Ik heb u ook al aangegeven dat het niet alleen belangrijk is om de buitenlandse talenten vandaag versoepeld aan te trekken. Ze moeten ook goed kunnen functioneren in een onderneming en in een samenleving waar ze meerdere jaren en in bepaalde gevallen permanent verblijven. Daarom vind ik het ook belangrijk dat economische migranten zich hier goed kunnen voelen en zich duurzaam kunnen verankeren. Het aanleren van de Nederlandse taal is daarbij absoluut een heel belangrijk element als een stap in die verdere integratie. Ik deel dus ook uw mening dat het leren van Nederlands en het inburgeren tout court in een ideale wereld al zo veel mogelijk vóór de afreis gebeurt. Het verleden leert ons dat men daar niet vroeg genoeg mee kan starten. Deze mening werd ook als principe opgenomen in de beslissing die de Interministeriële Conferentie (IMC) Migratie op 7 juli 2023 al nam. Op basis daarvan moeten we ook de inburgering, zowel voor als na de aankomst van de migrant, verder vormgeven. Juridisch is dat niet zo evident, zoals vaak. Europa is vrij streng wat het opleggen van inburgering betreft. Daarnaast moeten we ook rekening houden met de fraudegevoeligheid van het aanbieden van inburgeringstrajecten in het land van herkomst. Maar ik ben dus wel een voorstander. De pilootprojecten waarover u sprak, zijn wat mij betreft een heel goed begin en moeten als inspiratie dienen voor een volgende regering om daar regelgevend mee aan de slag te gaan. U hebt daarin in mij alvast een bondgenoot.

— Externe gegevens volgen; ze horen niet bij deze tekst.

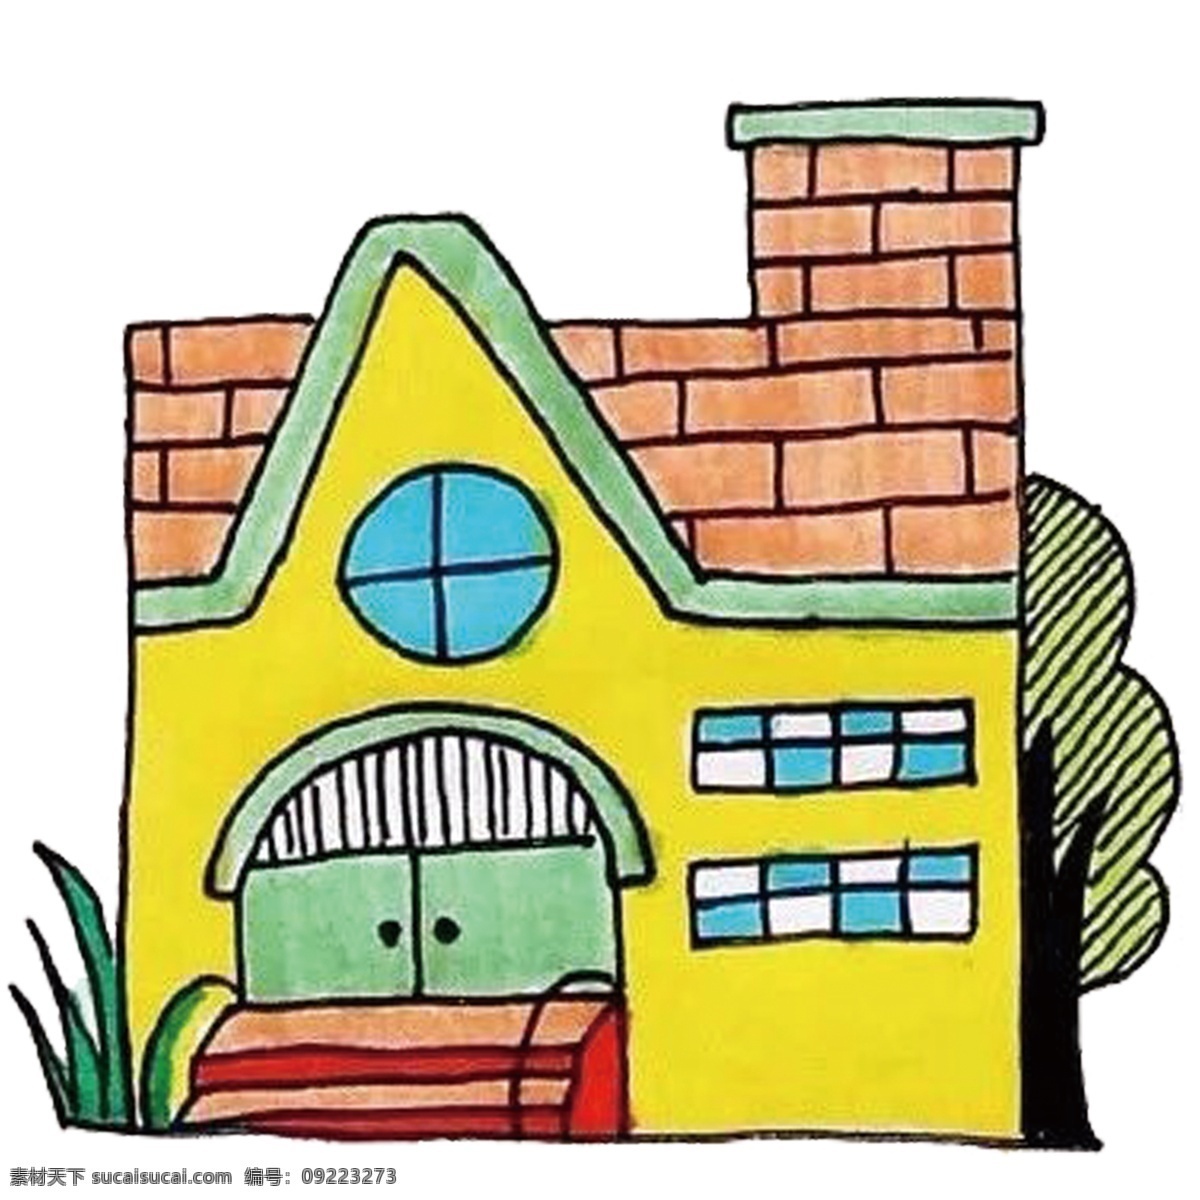 卡通房子 卡通 房子 小蝌蚪找妈妈 小房子 卡通设计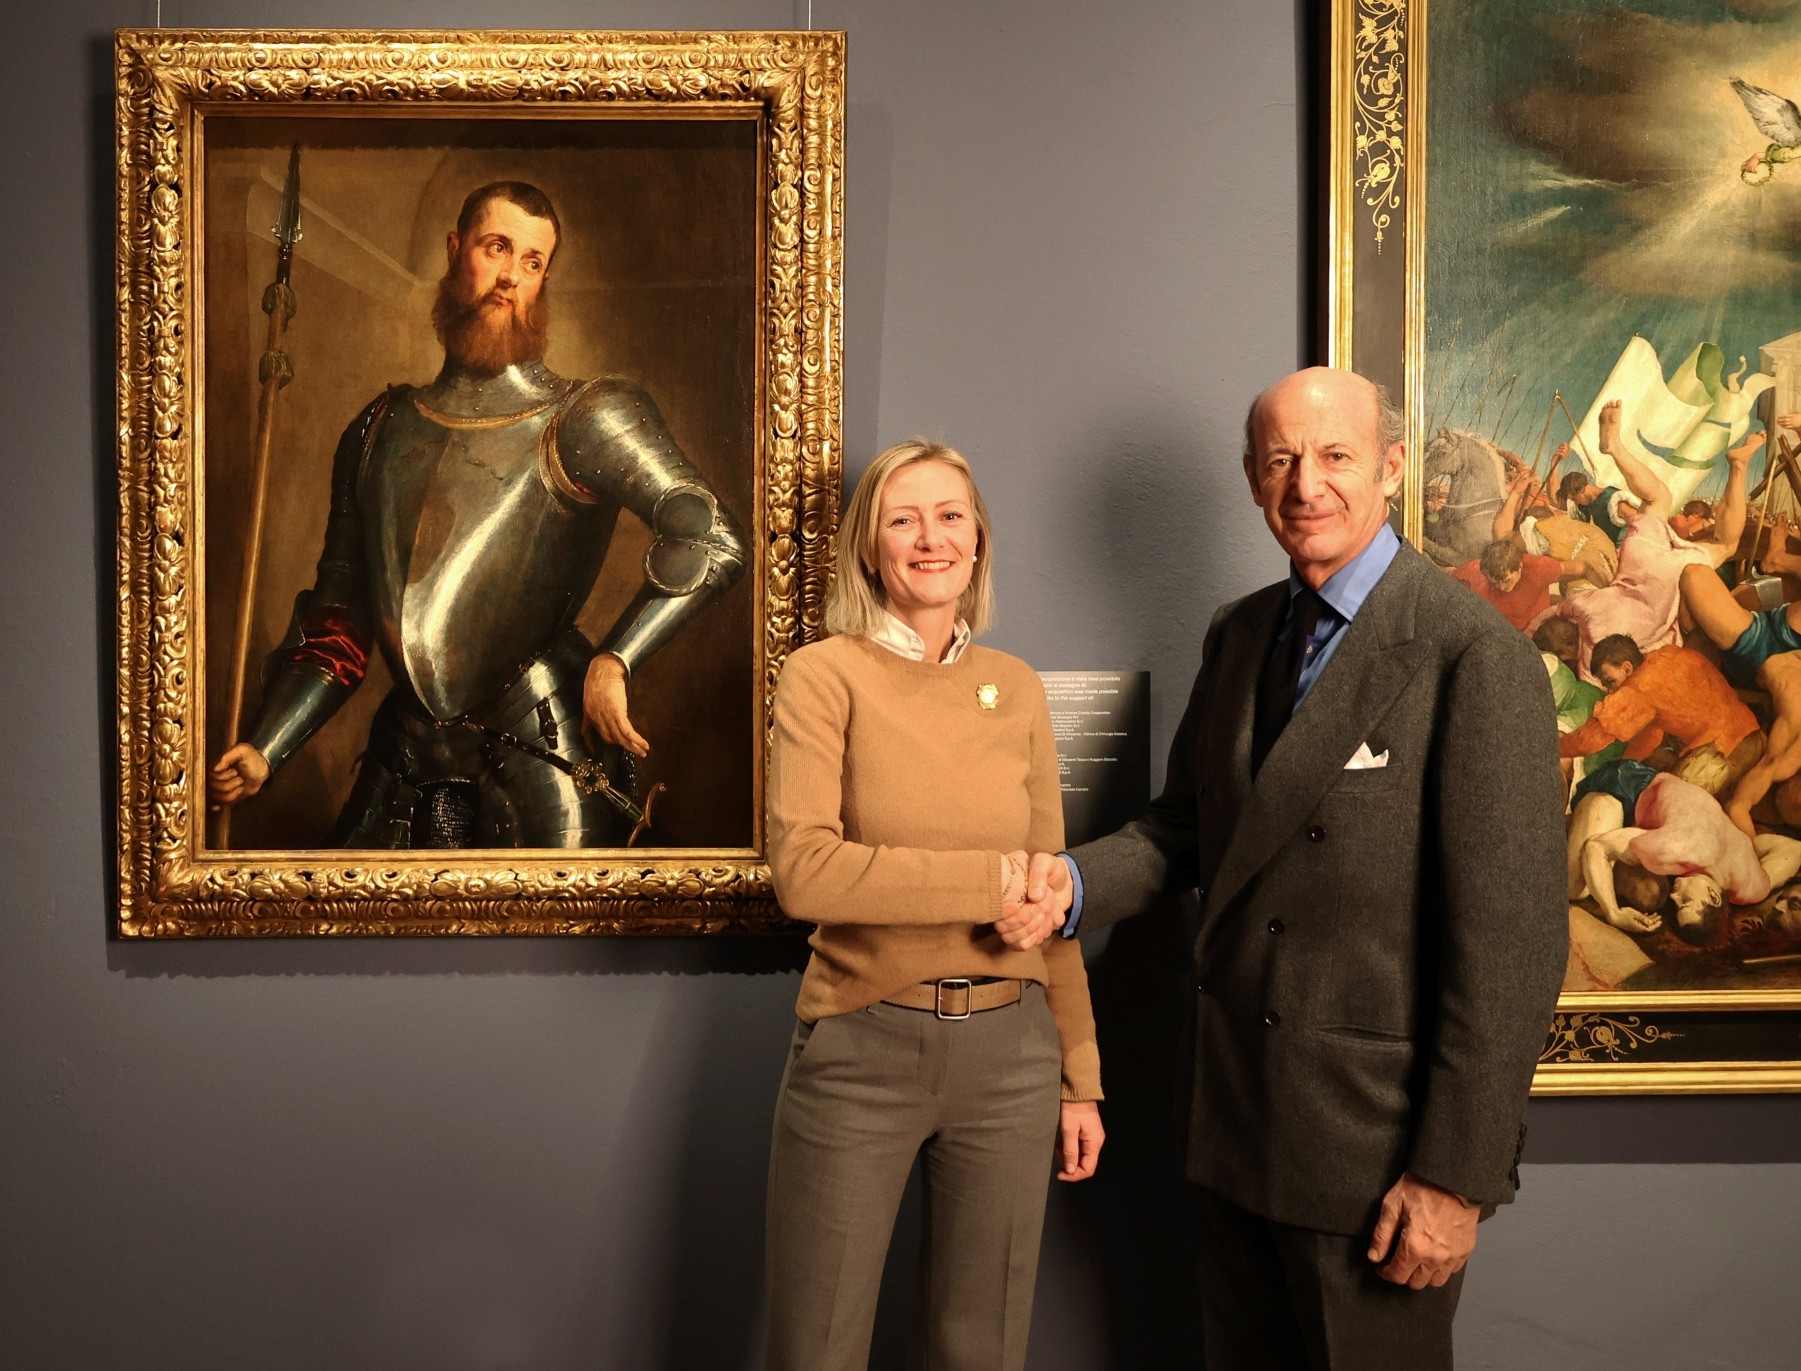 Musei Civici di Bassano del Grappa acquires 'Portrait of a Man in Armour' by Jacopo Bassano

Mevrouw De Vreese heeft het woord.
Minister, bedankt. Zoals vaak willen we natuurlijk graag dat de zaken sneller gaan. Ik denk dat dat eigen is aan iedereen die hier vandaag in de zaal zit, en waarschijnlijk ook aan u als minister. Dan gaat het over het sneller uitrollen van dat pilootproject naar andere sectoren, over het bekijken waar dat nog een meerwaarde kan hebben. Ik zou dus zeggen: trek hard aan die kar en probeer nu nog stappen vooruit te zetten.
Wat ik ook merk, is dat er hier heel wat EU-onderdanen aan de slag zijn. Ik denk bijvoorbeeld aan de dienstenchequesector. Dat zijn mensen die niet verplicht zijn om een inburgeringstraject te volgen, maar wel vaak in een redelijk kwetsbare situatie zitten. Laten we daarbij niet enkel op de dienstenchequesector focussen. Het gaat meer algemeen ook over de bouwsector en dergelijke meer. Daar werken ook heel wat EU-onderdanen. Zij zijn niet verplicht om de taal te leren of om verder in te burgeren, maar ze zijn wel rechthebbend. Dat wil zeggen dat zij wel een inburgeringscursus zouden kunnen volgen, maar we zien dat ze daar niet altijd geraken. Minister, de vraag is op welke manier we bijvoorbeeld met de sectoren zouden kunnen zorgen voor sensibilisering, zodat ook die EU-onderdanen terechtkunnen bij het Agentschap Integratie en Inburgering om een inburgeringscursus te volgen. In eerste instantie is het daarbij volgens mij van belang om Nederlands te leren. Ook die mensen hebben hier vaak kinderen die naar school gaan. Ze moeten dus de klasresultaten volgen en dergelijke meer. Ik denk dus wel dat we via bepaalde sectoren EU-onderdanen die hier voor een langere duur tewerkgesteld zijn, zouden moeten kunnen bereiken om hen meer toe te leiden naar de trajecten van het Agentschap Integratie en Inburgering.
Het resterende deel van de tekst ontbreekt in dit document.